What is the recommended Pre-Exposure Prophylaxis (PrEP) treatment regimen for individuals at high risk of Human Immunodeficiency Virus (HIV) infection?

Recommended Pre-Exposure Prophylaxis (PrEP) Regimens for HIV Prevention

Daily oral tenofovir disoproxil fumarate/emtricitabine (TDF/FTC) is the primary recommended regimen for all populations at high risk of HIV infection, including cisgender women and men who have sex with men (MSM), with an evidence rating of AIa. 1 Alternative options include emtricitabine/tenofovir alafenamide (TAF/FTC) for MSM and transgender women (not for those at risk through vaginal sex) and long-acting injectable cabotegravir.

Recommended PrEP Regimens

First-line Options:

• Daily oral TDF/FTC (200mg/300mg) - Standard regimen for all populations 1
• Daily oral TAF/FTC (200mg/25mg) - Alternative for MSM and transgender women, particularly those with or at risk for kidney dysfunction, osteopenia, or osteoporosis 1, 2
• Long-acting injectable cabotegravir - Administered at 8-week intervals with 600mg intramuscularly after an initial 4-week interval separating the first 2 injections (evidence rating: AIa) 3, 1

Population-Specific Considerations:

• For cisgender women: Daily oral TDF/FTC is the only FDA-approved option 1, 4
• For MSM and transgender women: All three options are effective 1
• For people who inject drugs: Daily oral TDF/FTC is recommended 1, 5

Baseline Testing Before PrEP Initiation

Before starting PrEP, the following tests must be performed within 7 days of initiation 3, 1:

• HIV testing with combination antigen-antibody assay
• Serum creatinine with estimated creatinine clearance
• Hepatitis B surface antigen testing
• Comprehensive STI screening
• HIV RNA testing if acute HIV infection is suspected

PrEP Initiation Protocol

1. Same-day initiation is possible if a negative HIV test result (within 7 days) is available and there are no symptoms of primary HIV infection 3
2. If test results are not immediately available, perform a rapid point-of-care test, and only start PrEP if negative 3
3. If acute HIV infection is suspected, withhold PrEP pending HIV RNA test results 3
4. Initial prescription should be limited to a 30-day supply 3
5. Subsequent prescriptions can be for 90-day supplies with appropriate monitoring 3

Monitoring Schedule

After PrEP Initiation:

• 1-month follow-up: HIV testing (combination antigen-antibody assay), adherence assessment 3, 1
• Every 3 months: HIV testing, STI screening, adherence assessment 1
• Every 6 months: Creatinine and estimated creatinine clearance testing 1
• Annually: Hepatitis C antibody testing (more frequently for high-risk individuals) 3

Special Monitoring Considerations:

• More frequent renal monitoring (every 3-6 months) for patients:
  • Over age 50
  • With baseline creatinine clearance <90 mL/min
  • With comorbidities like diabetes or hypertension 3, 1

Adherence Requirements

Adherence is crucial for PrEP efficacy 1, 5:

• MSM and transgender women: At least 4 of 7 doses per week
• Cisgender women, people who inject drugs, and heterosexual men: At least 6 of 7 doses per week

Management of PrEP in Special Situations

Recent HIV Exposure:

• If exposure occurred within 72 hours: Provide 3-drug post-exposure prophylaxis (PEP) for 1 month, then transition to 2-drug PrEP 3
• If exposure occurred >72 hours ago: Initiate standard PrEP protocol 3

Suspected Seroconversion:

• Stop PrEP immediately
• Perform confirmatory testing with HIV RNA and genotype testing
• Initiate full antiretroviral therapy if HIV infection is confirmed 3

Common Pitfalls and Caveats

1. Undiagnosed acute HIV infection: Starting PrEP during acute HIV infection can lead to resistance (typically M184V/I mutation).

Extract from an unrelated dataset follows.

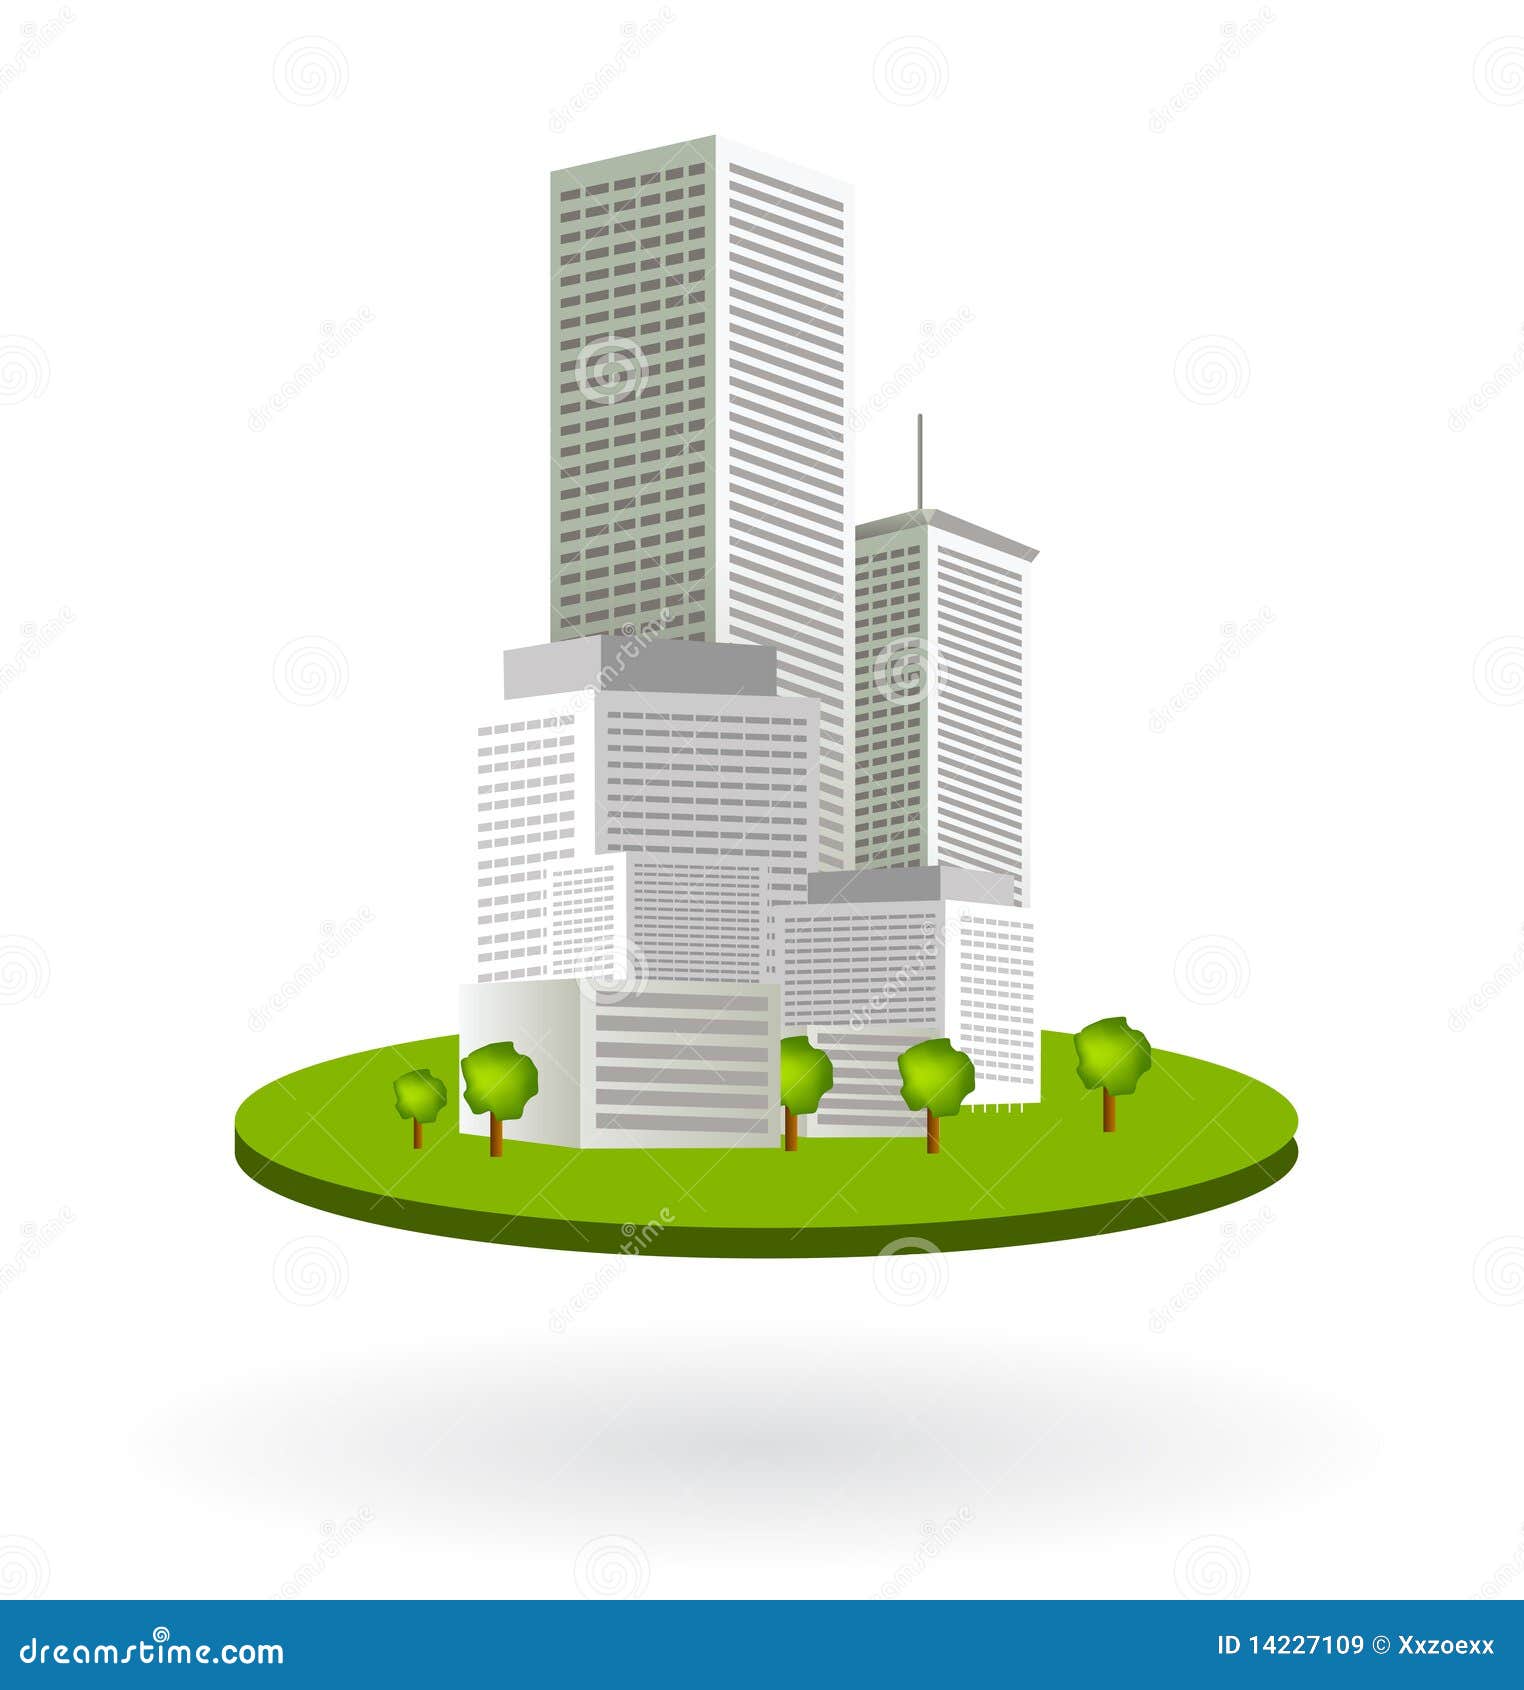 Downtown skyscrapers stock vector. Illustration of metropolis - 14227109

Always rule out acute infection before starting PrEP 3, 5

2. Inadequate monitoring: PrEP prescriptions should not exceed 90 days without interval HIV testing 1

3. Renal dysfunction: Monitor kidney function regularly, especially in high-risk patients. TDF/FTC is contraindicated with creatinine clearance <60 mL/min 1

4. Disparities in access: Despite increasing PrEP use (470% increase from 2014-2016), significant racial disparities exist in PrEP prescriptions, with white individuals receiving PrEP at nearly six times the rate of Black individuals despite similar risk profiles 6

5. Interruptions in PrEP delivery: Unplanned interruptions (insurance lapses, relocation) have been associated with seroconversions 3

PrEP is highly effective when used correctly, with efficacy exceeding 90% when adherence is high 5. The choice between daily oral regimens and injectable options should be based on patient-specific factors including adherence patterns, renal function, bone health, and personal preference.